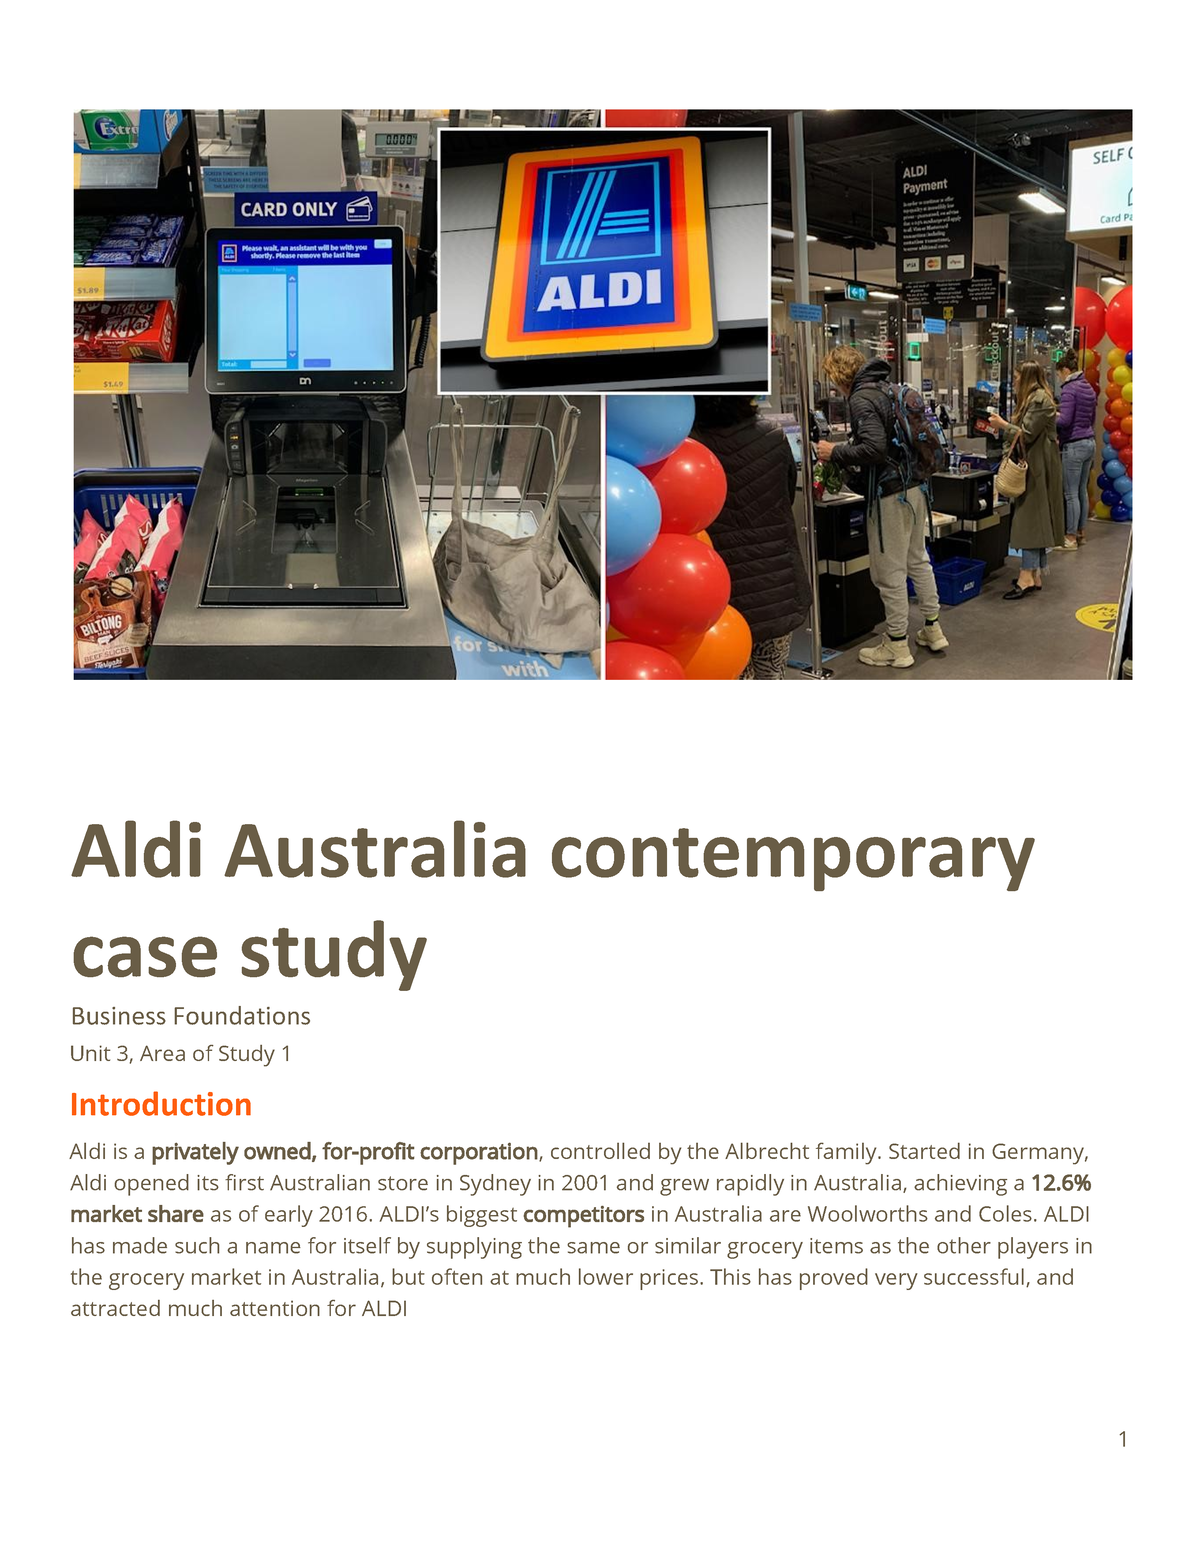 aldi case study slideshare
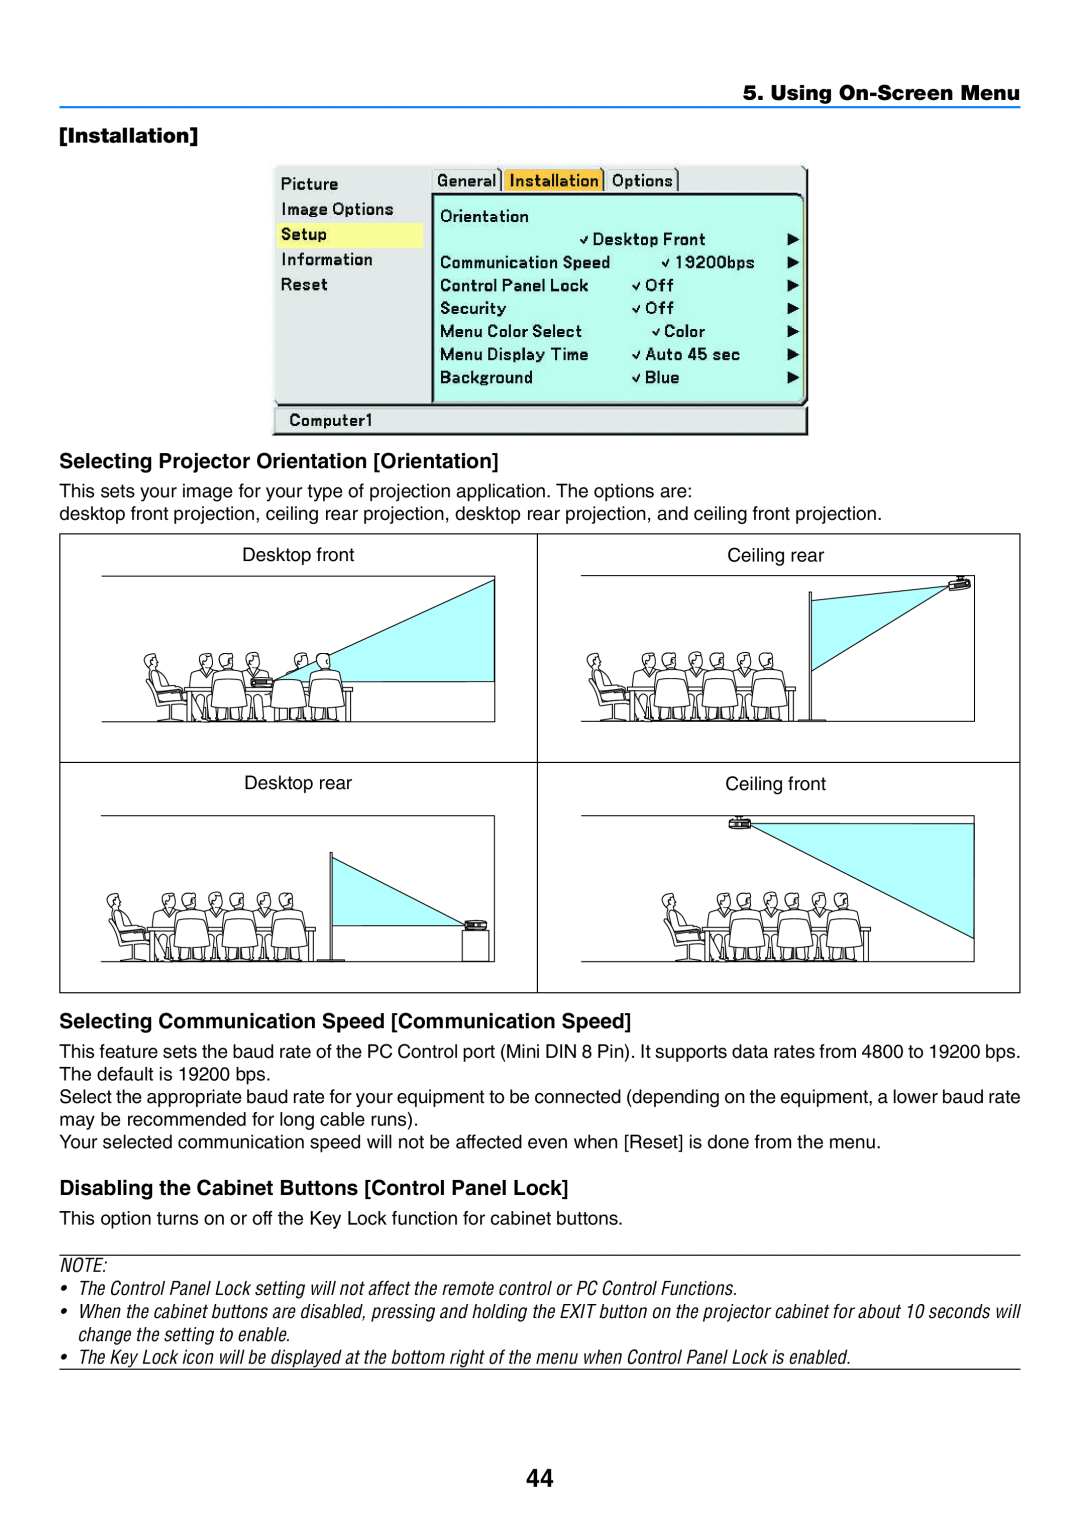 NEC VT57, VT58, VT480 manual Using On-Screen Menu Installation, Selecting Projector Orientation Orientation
...
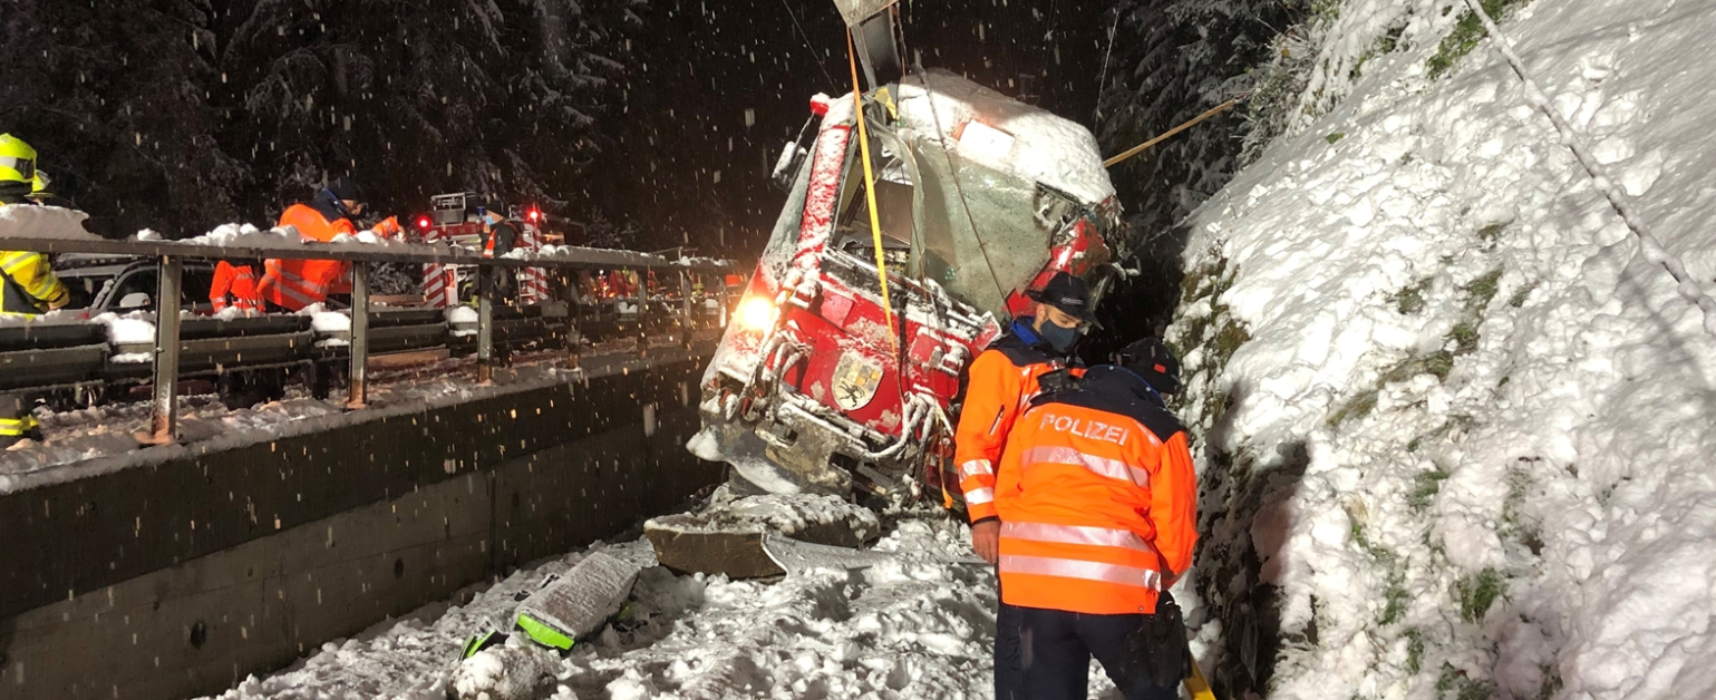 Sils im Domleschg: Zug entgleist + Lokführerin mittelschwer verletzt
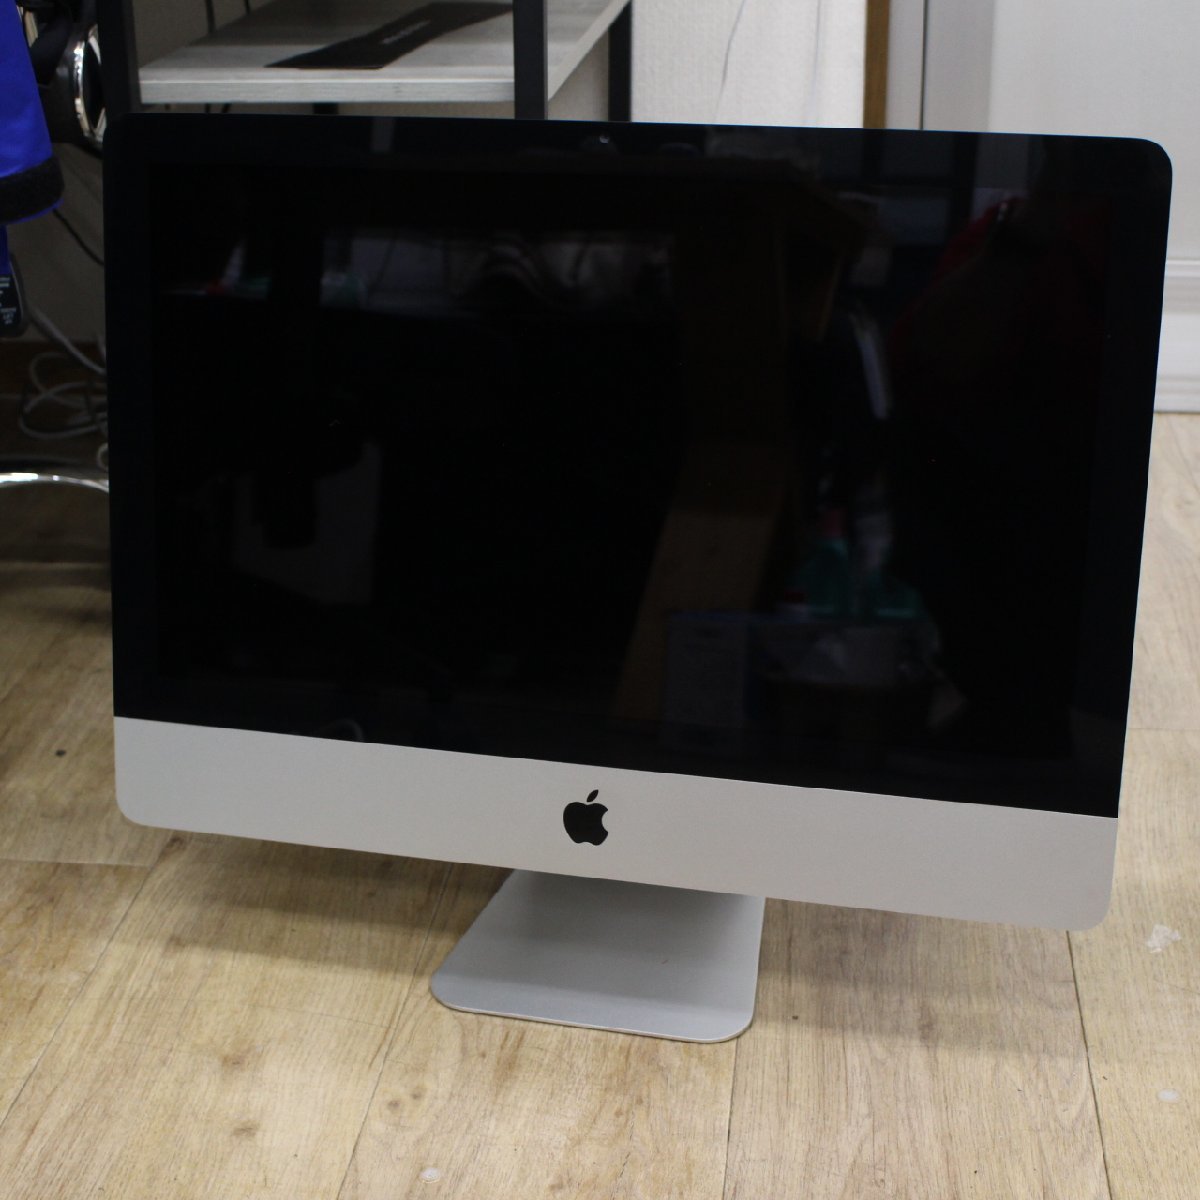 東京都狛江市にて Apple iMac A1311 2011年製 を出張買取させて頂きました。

**Task to complete**:
Your answer must be everything above from the line with "aldi case study slideshare" down to the line with "NEC VT57, VT58, VT480", word for word, and no pictures.

**Exercise response**:
 aldi case study slideshare
 NEC VT57, VT58, VT480 manual Using On-Screen Menu Installation, Selecting Projector Orientation Orientation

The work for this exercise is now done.